IVQA 151-200

151. What preprocessing steps are needed before training a GenAI model?

  • Tokenization (model-specific)

  • Lowercasing, punctuation handling

  • Text normalization (unicode, contractions)

  • Deduplication of samples

  • Filtering (e.g., remove empty, toxic, or low-quality content)

  • Formatting (JSONL, conversational format)


152. How do you clean noisy textual data for GenAI training?

  • Remove non-text elements (HTML, code artifacts)

  • Normalize whitespaces and characters

  • Use heuristics or classifiers to remove off-topic/toxic content

  • Use language detection to remove non-target language content


153. What is tokenization drift and how do you prevent it?

Tokenization drift occurs when the tokenizer used during training differs from the one used at inference. Prevent it by:

  • Using the same tokenizer version across pipeline stages

  • Locking tokenizer vocab

  • Including tokenizer metadata in model checkpoints


154. How do you manage out-of-vocabulary (OOV) tokens?

  • Use subword tokenization (e.g., BPE, WordPiece)

  • Add domain-specific tokens during tokenizer training

  • Avoid character-level OOV fallback unless explicitly needed


155. How would you prepare a custom dataset for fine-tuning GPT?

  • Format as JSONL with {"prompt": "...", "completion": "..."} or chat messages

  • Ensure consistent structure (e.g., user/assistant roles)

  • Clean and deduplicate entries

  • Optionally balance dataset classes/topics


156. What is the role of chunking in RAG pipelines?

  • Breaks long documents into manageable, semantically coherent pieces

  • Improves retrieval accuracy

  • Enables context-window fitting

  • Helps minimize hallucination by feeding only relevant chunks


157. How do you handle multi-language data ingestion for a GenAI use case?

  • Use language detection and tag inputs

  • Apply language-specific cleaning/tokenization

  • Maintain language balance or weight important languages

  • Fine-tune with multilingual embeddings or models like mT5, XLM-R


158. How do you anonymize personally identifiable data before training?

  • Use regex/NLP rules for detecting names, emails, IDs, etc.

  • Replace with placeholders ([NAME], [EMAIL])

  • Apply NER-based de-identification (spaCy, Presidio)
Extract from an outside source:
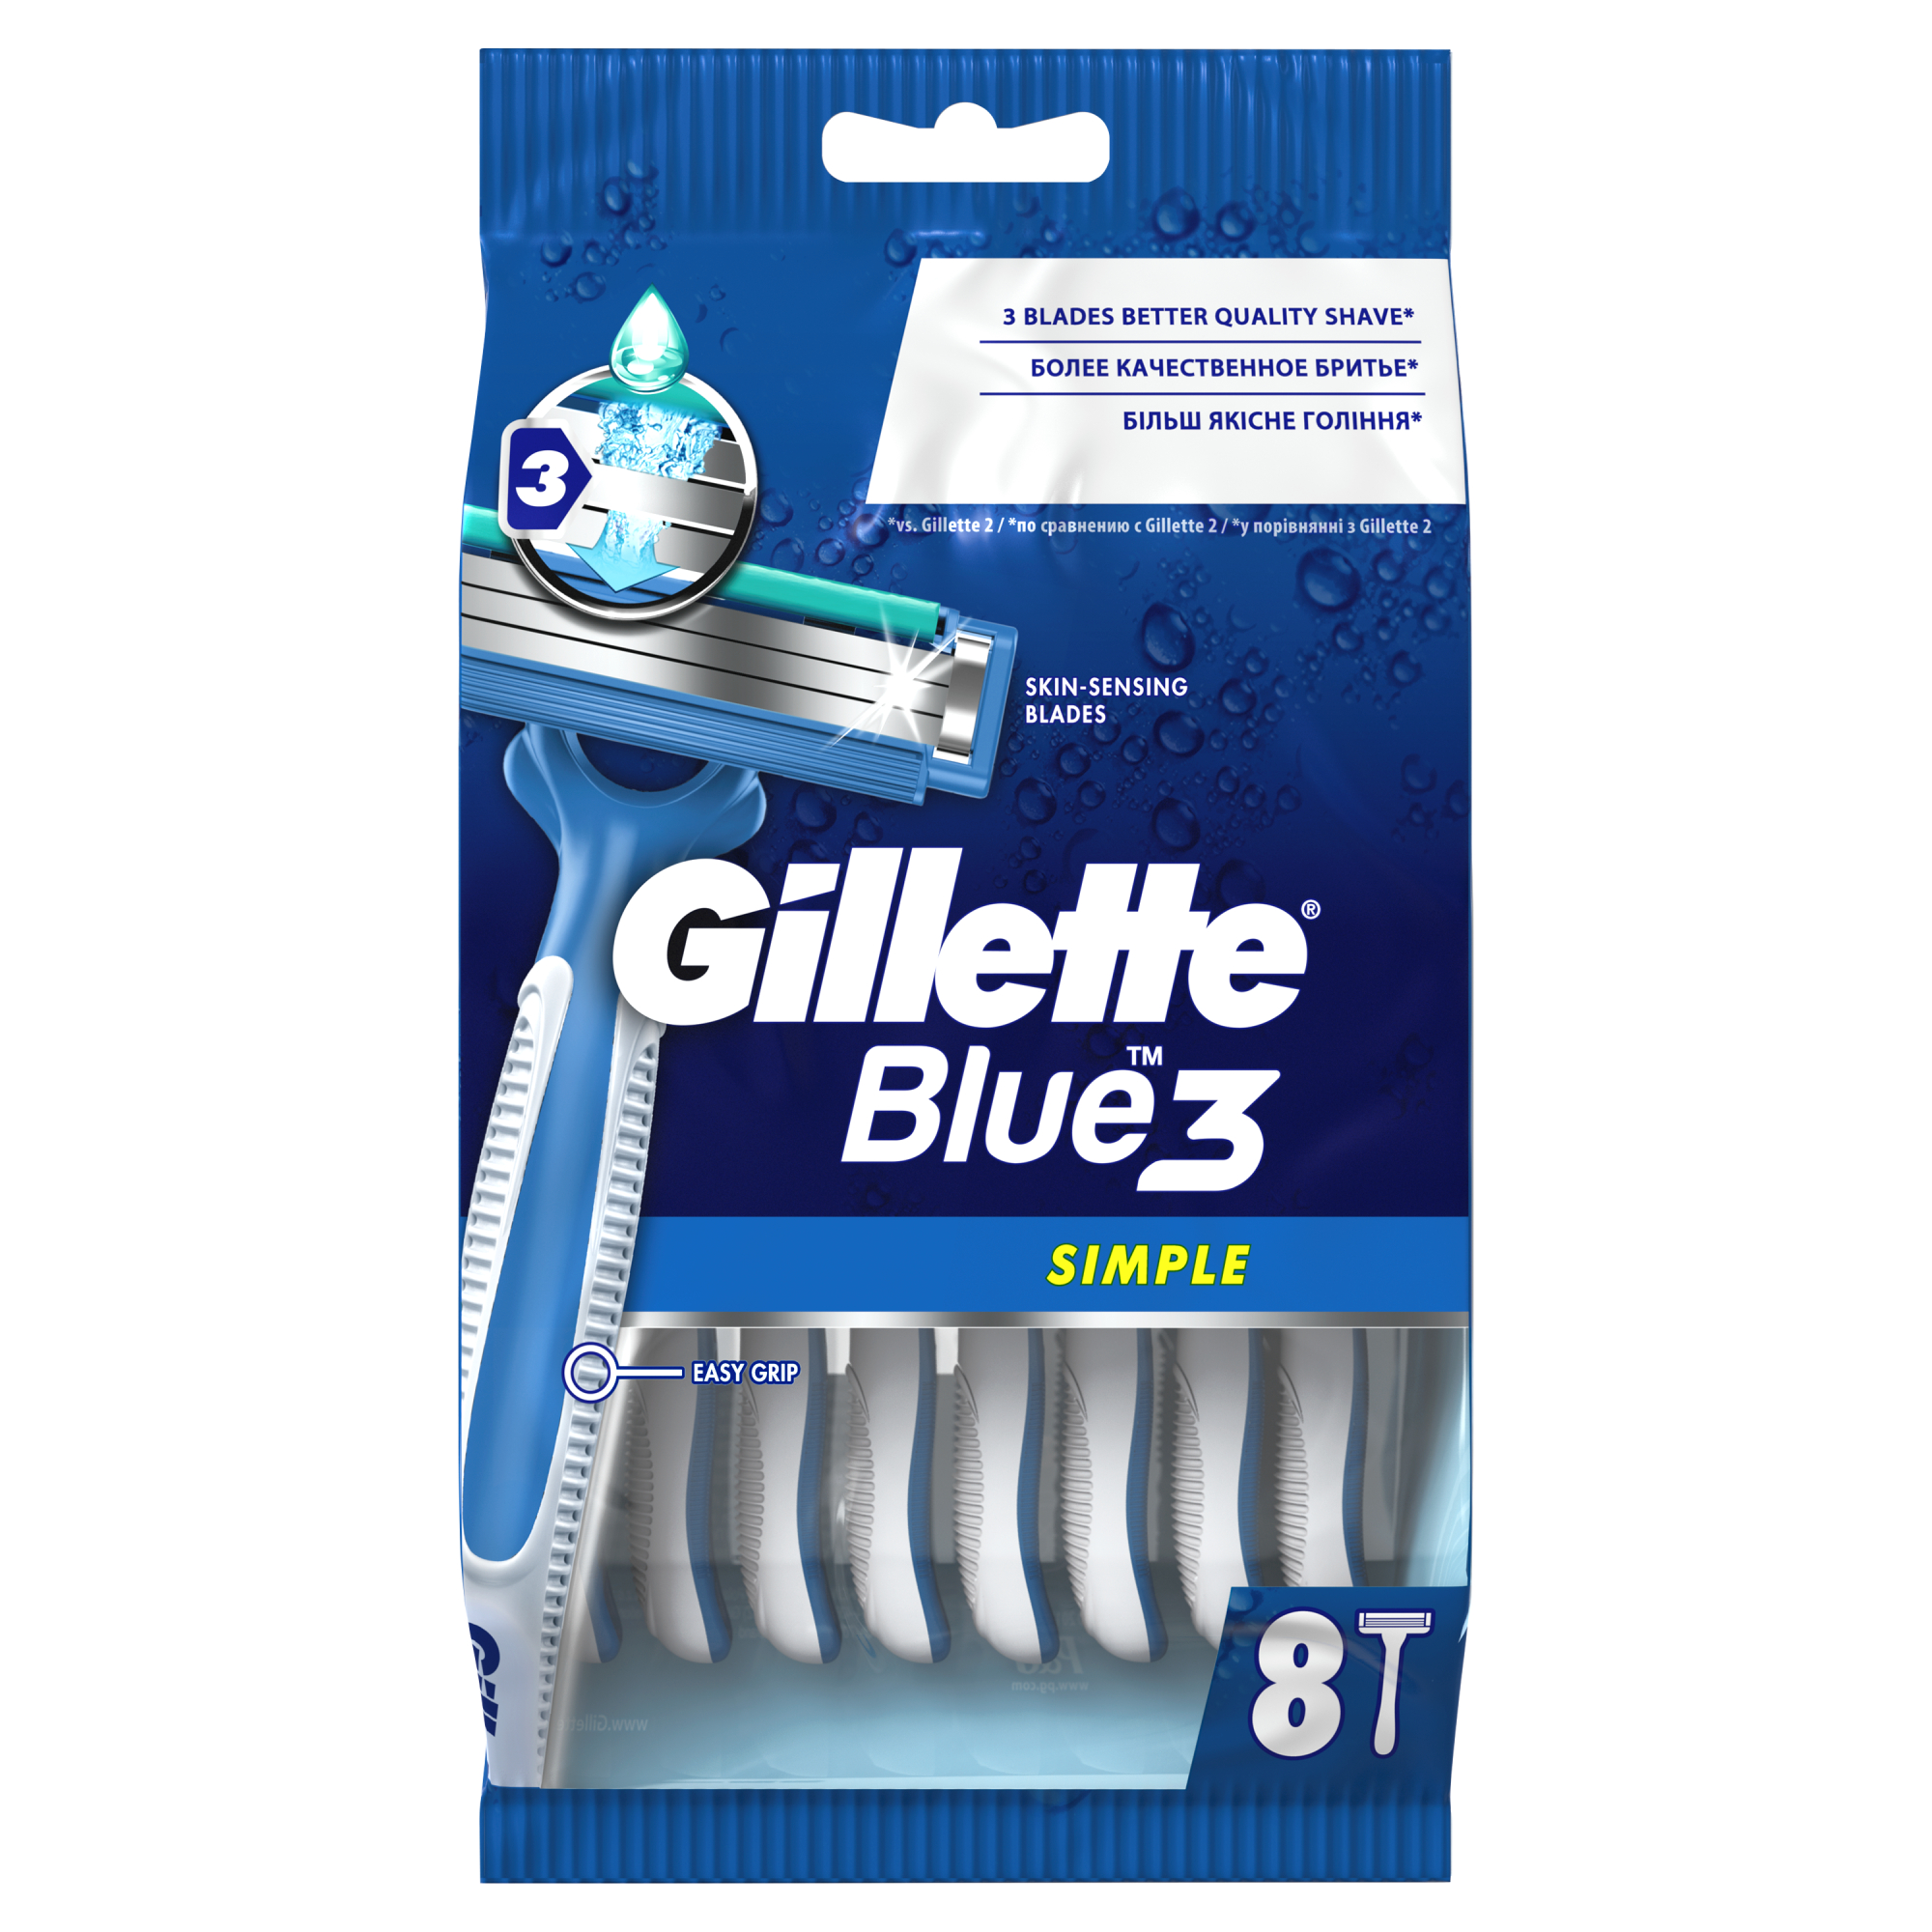 Одноразовые мужские бритвы Gillette Blue3 Simple, с 3 лезвиями, 8, фиксированная головка пластическое мышление в живописи архитектуре кино и фотографии

  • Validate outputs for leakage before final training


159. What are tradeoffs between training on documents vs. dialogue data?

Aspect
Document Data
Dialogue Data

Strength

Rich, factual knowledge

Conversational fluency

Limitation

Less interactive, static format

Prone to bias or casual tone

Use case

Summarization, retrieval

Chatbots, assistants


160. How do you balance dataset diversity without sacrificing relevance?
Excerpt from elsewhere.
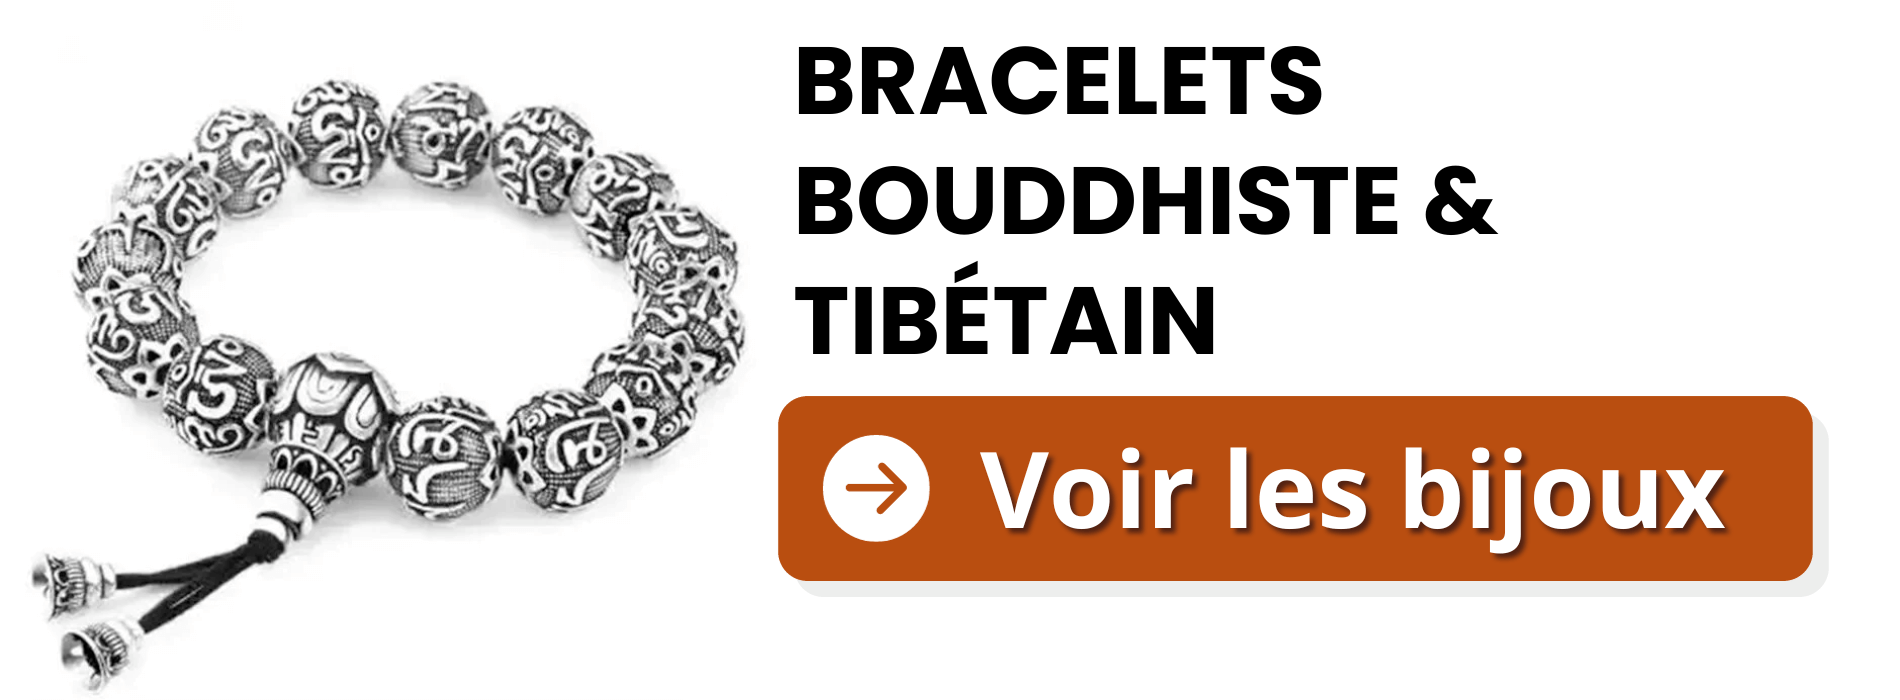 bracelets- Buddhist

  • Use sampling weights for underrepresented domains

  • Apply clustering + filtering to avoid redundancy

  • Combine general + domain-specific corpora

  • Maintain quality using human-in-the-loop filtering


161. How do LLMs handle long context windows, and what are the limits?

  • Use transformer variants like Transformer-XL, Longformer, or GPT-4-128k

  • Context limit = maximum token window (e.g., 8k, 32k, 128k)

  • Tradeoff: Larger context → more compute → higher cost


162. What is memory replay in agent frameworks?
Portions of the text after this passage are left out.